• Directions for this task
The lines in the listing below are to be given again exactly, starting at the line holding "(Color : Blue)" and ending at the line holding "ดอกไม้งานศพสไตล์โมเดิร์น ณ วัดบัวขวัญพระอารามหลวง". Do not include pictures.

-- Data under study follows --

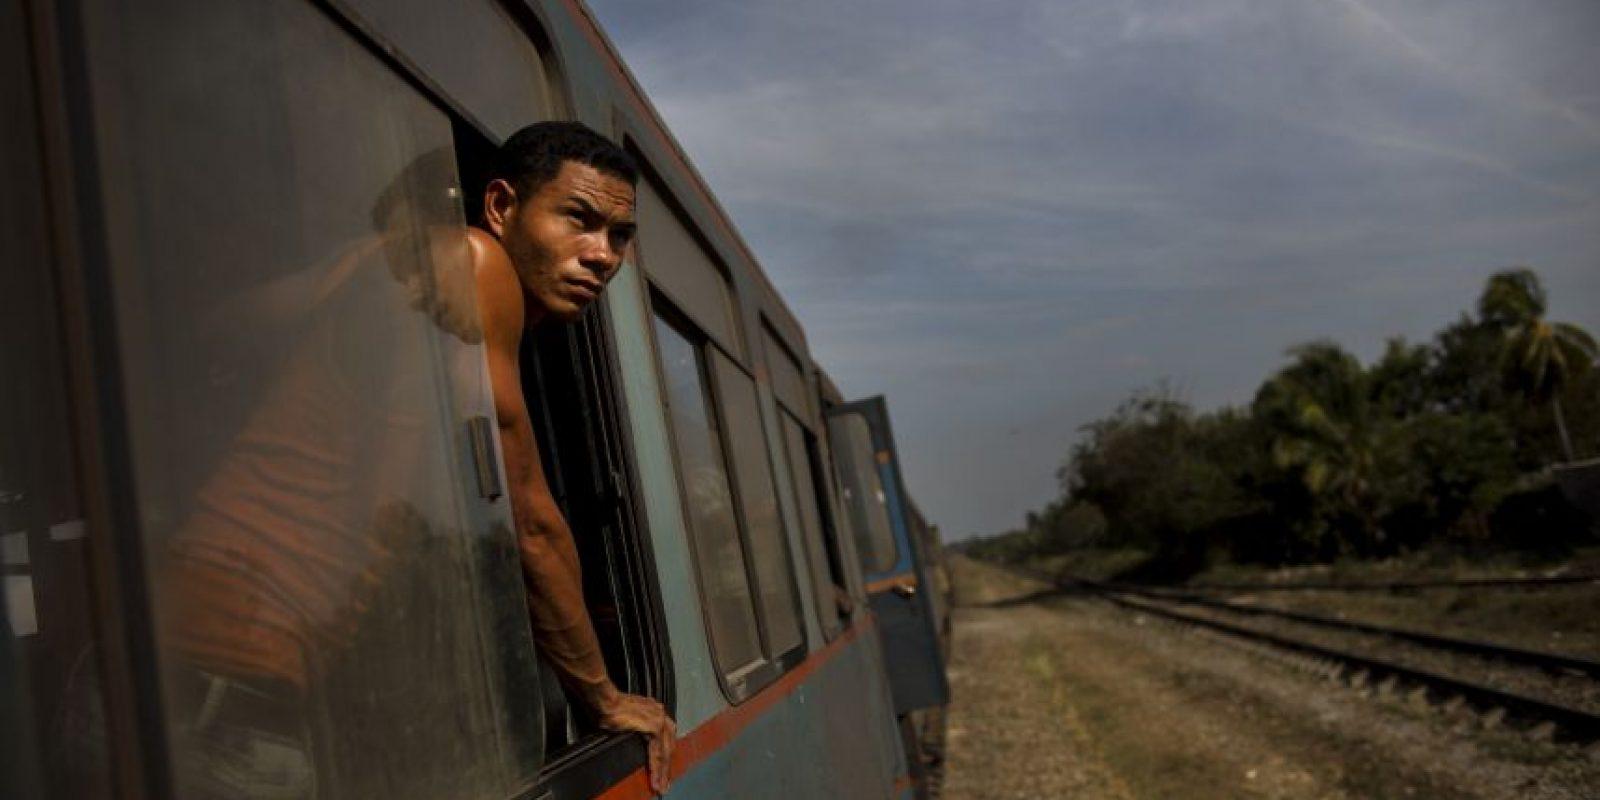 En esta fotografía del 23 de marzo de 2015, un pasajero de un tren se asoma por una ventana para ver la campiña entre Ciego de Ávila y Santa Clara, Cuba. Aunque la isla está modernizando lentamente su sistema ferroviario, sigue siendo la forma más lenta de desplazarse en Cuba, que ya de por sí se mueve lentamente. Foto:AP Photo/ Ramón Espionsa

-- Data under study concluded --
-- Data under study follows --

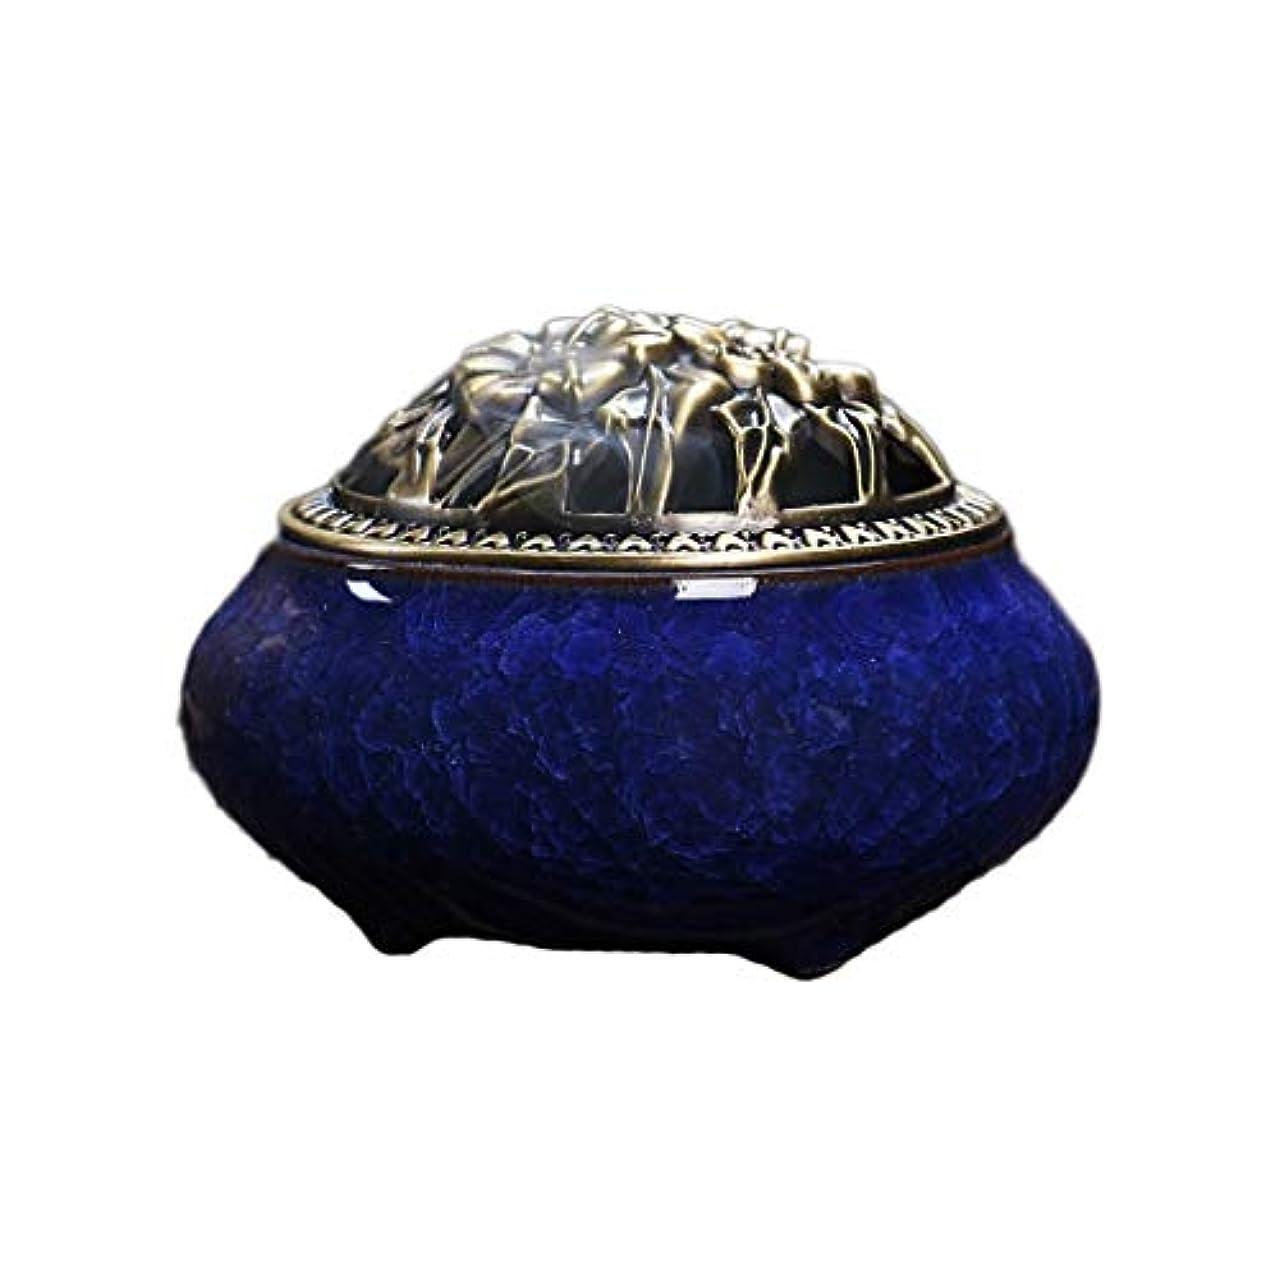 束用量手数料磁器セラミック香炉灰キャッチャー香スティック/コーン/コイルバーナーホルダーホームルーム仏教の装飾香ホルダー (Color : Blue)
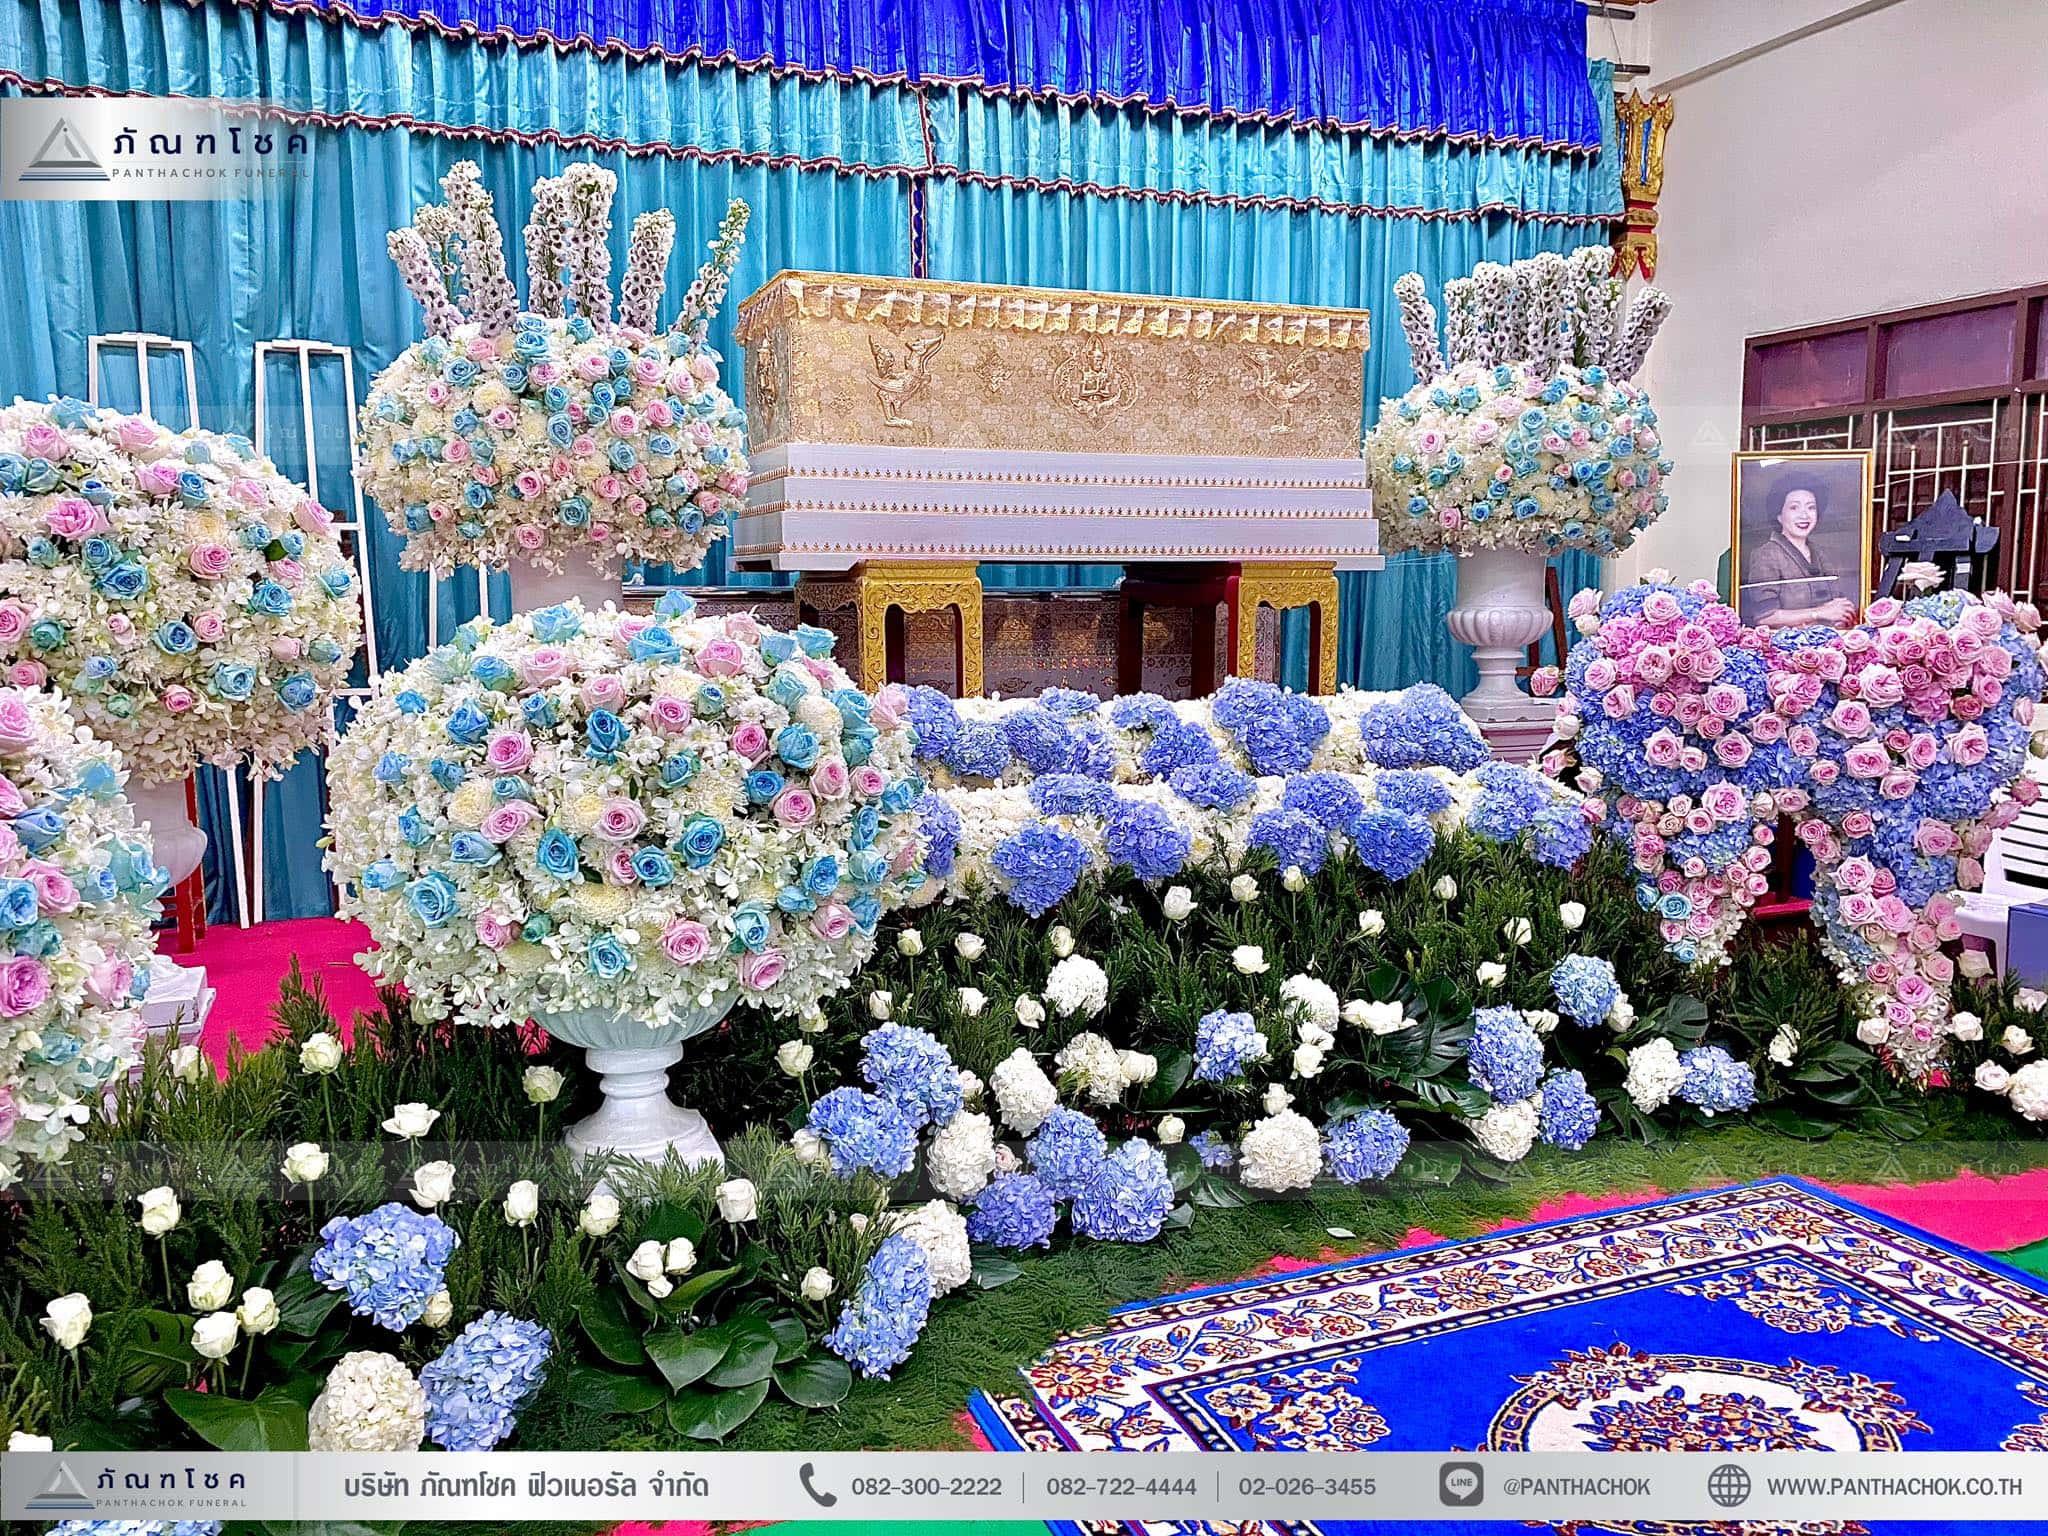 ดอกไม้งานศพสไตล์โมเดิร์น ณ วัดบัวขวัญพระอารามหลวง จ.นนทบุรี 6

-- Data under study concluded --

• Completed task
 束用量手数料磁器セラミック香炉灰キャッチャー香スティック/コーン/コイルバーナーホルダーホームルーム仏教の装飾香ホルダー (Color : Blue)
 ดอกไม้งานศพสไตล์โมเดิร์น ณ วัดบัวขวัญพระอารามหลวง จ.นนทบุรี 6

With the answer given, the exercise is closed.